Figure 9: Group self-consistency partitions historical trajectories, reducing memory requirements and stabilizing inference via voting.

Empirically, GSC yields significant accuracy and memory savings, especially at large replay scales. It is especially effective in settings where naïve replay exacerbates context length or OOM failures.

Failure Mode Analysis

The framework provides granular diagnostics, identifying failure classes such as:

Incorrect final submission despite correct intermediate steps (unstable reasoning/over-correction),
Exceeding interaction limits due to poor task closure policies,
Validation failures from instruction non-compliance,
Context overflow from unbounded output or multi-hop reasoning.
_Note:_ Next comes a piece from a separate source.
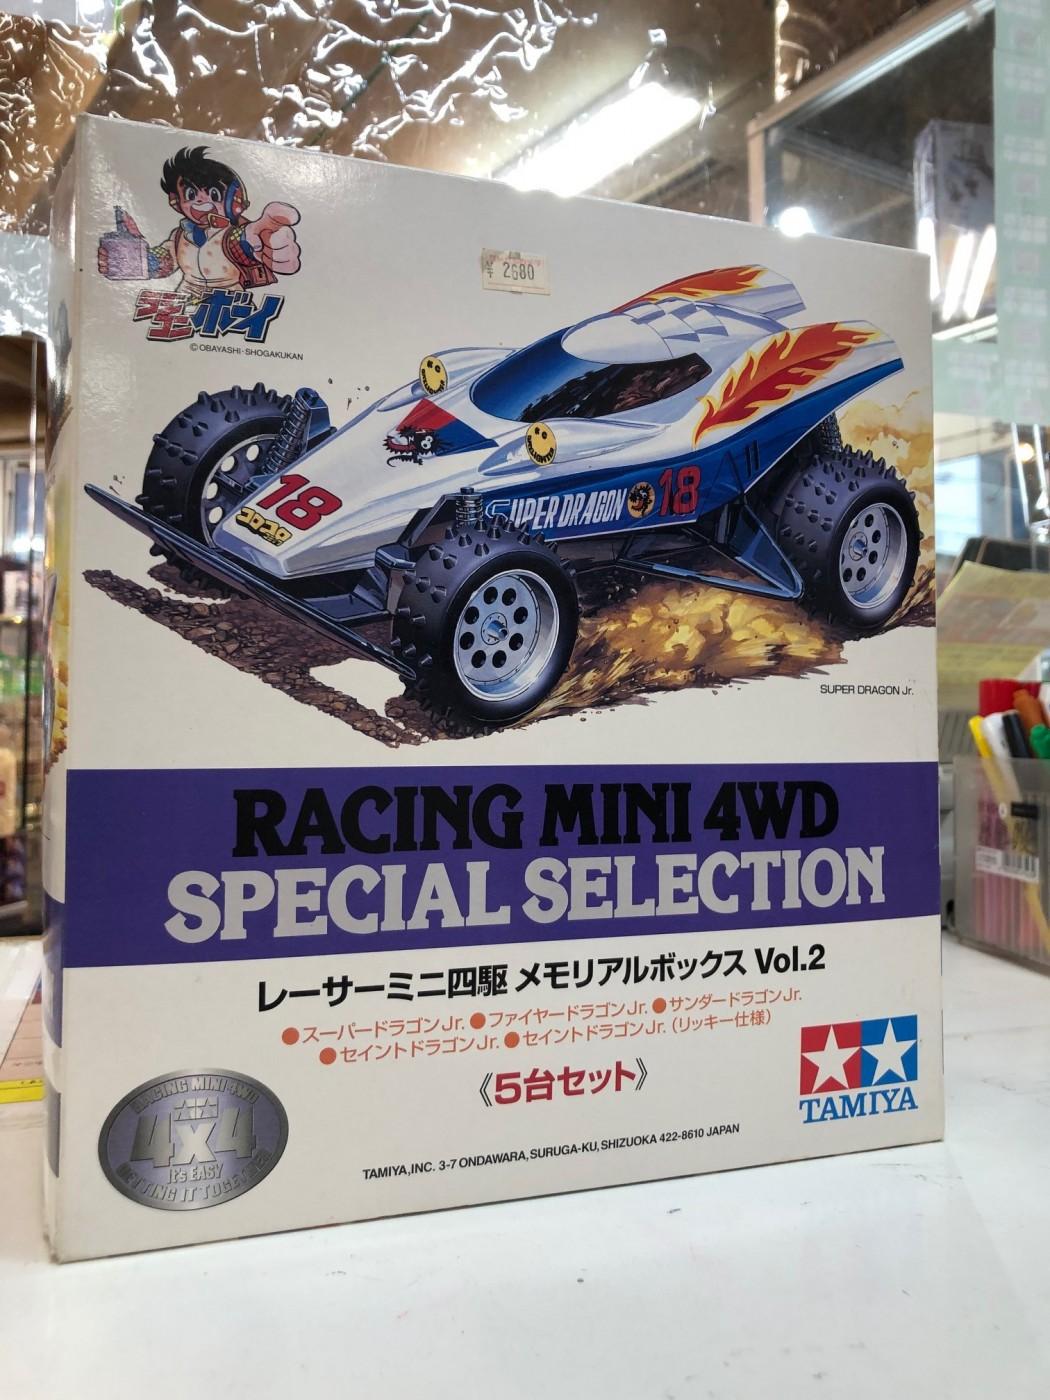 買取情報『 タミヤのレーサーミニ四駆 メモリアルボックス Vol.2』

These fine-grained analytics diagnose failure from both agent behavioral and infrastructure perspectives, enabling directed ablation studies and robust method development.
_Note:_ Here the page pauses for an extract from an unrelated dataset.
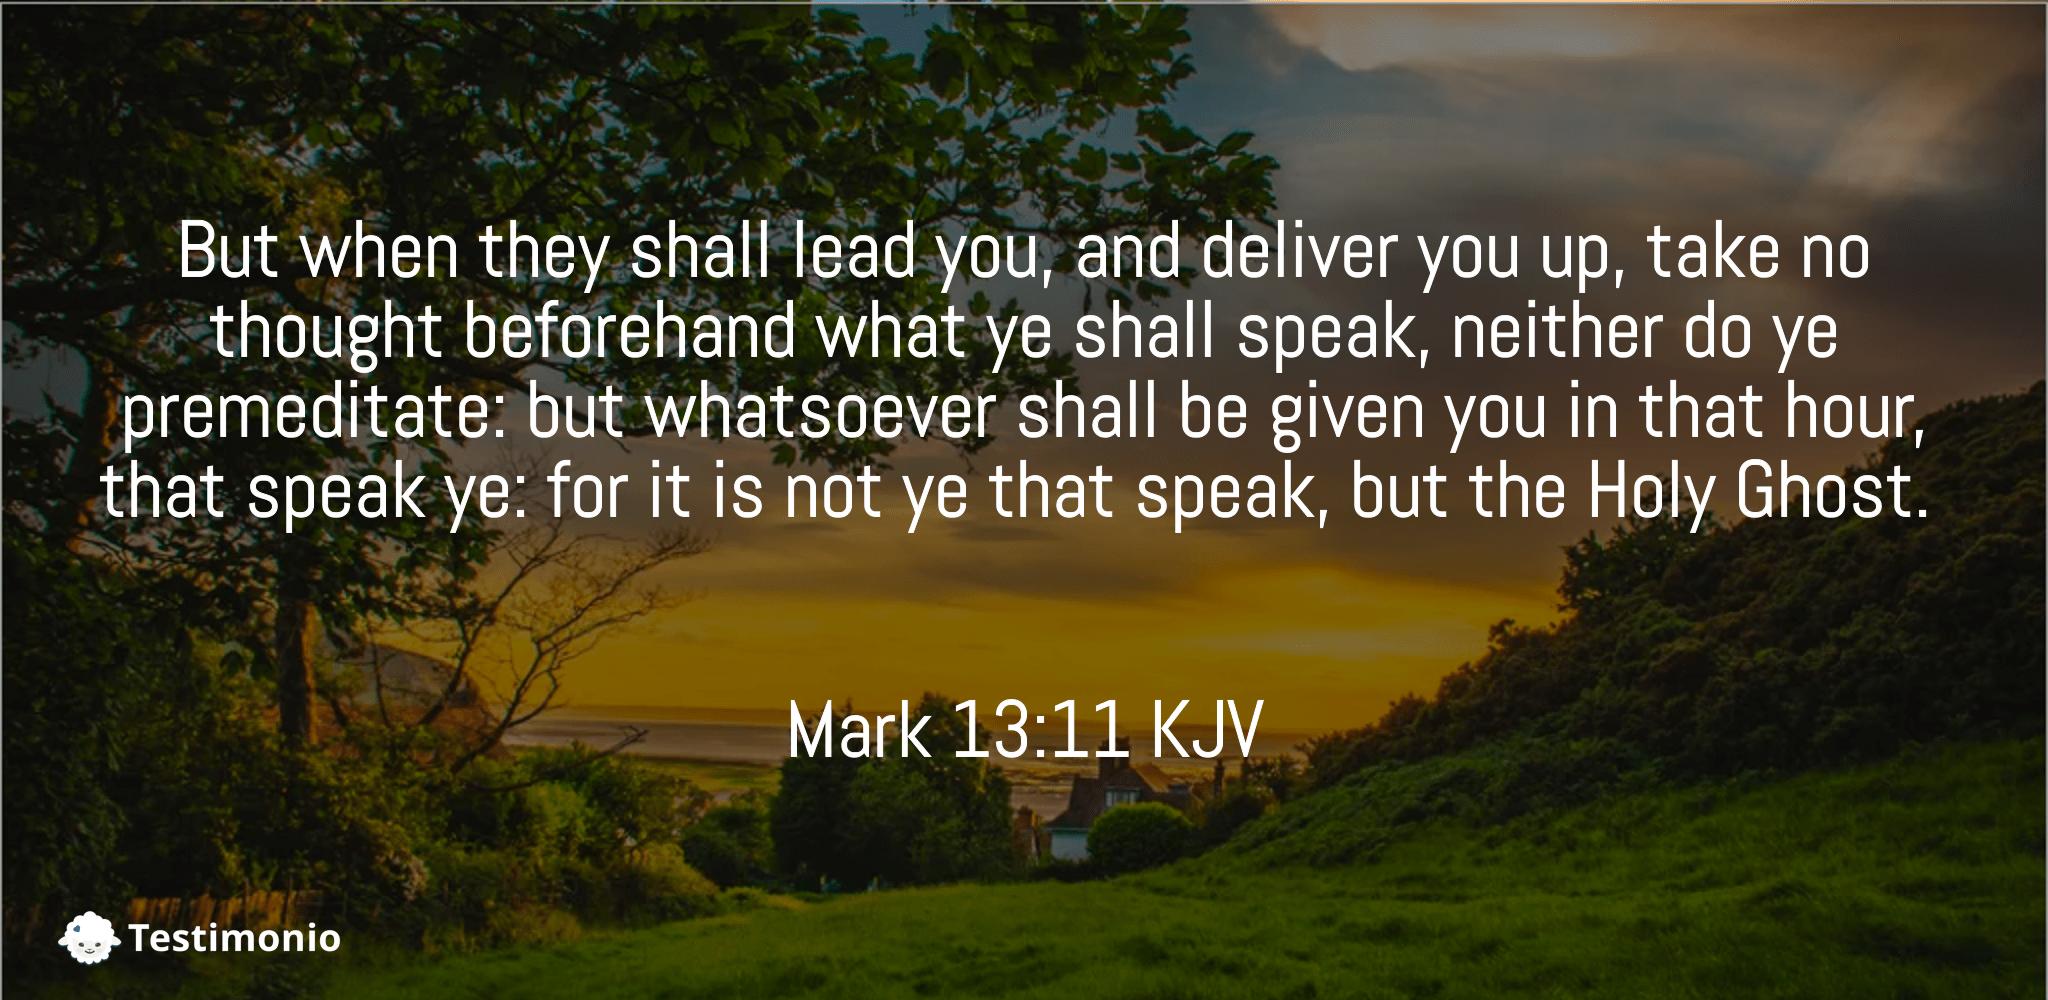 Mark 13:11

Implications and Future Directions

LifelongAgentBench sets a new standard for benchmarking LLM-based agents on continual, memory-intensive learning. The results underline several critical takeaways:

Vanilla experience replay is insufficient for scalable memory integration in LLMs due to context explosion and diminishing marginal returns with increasing replay.
There exists substantial heterogeneity in how model architectures absorb, retain, and transfer replay information.
Group-based or adaptive memory aggregation (e.g., GSC) is essential for practical, scalable lifelong learning with large LMs.
Going forward, efficient retrieval, redundant memory compression, curriculum design, and adaptive prompt construction are necessary to overcome catastrophic forgetting and achieve robust lifelong adaptation.

Extending LifelongAgentBench to multimodal and open-world environments, and integrating dynamic environment change or concept drift, are promising directions for future theoretical and practical advances in agent continual learning.

Conclusion

LifelongAgentBench is the first comprehensive, extensible, and diagnostic benchmark for evaluating LLM-based agents under lifelong learning constraints (2505.11942). The results highlight the nuanced interplay among replay strategies, task difficulty, and model capacity, and motivate the development of novel architectures and memory management algorithms to enable robust, scalable, and truly lifelong agent learning.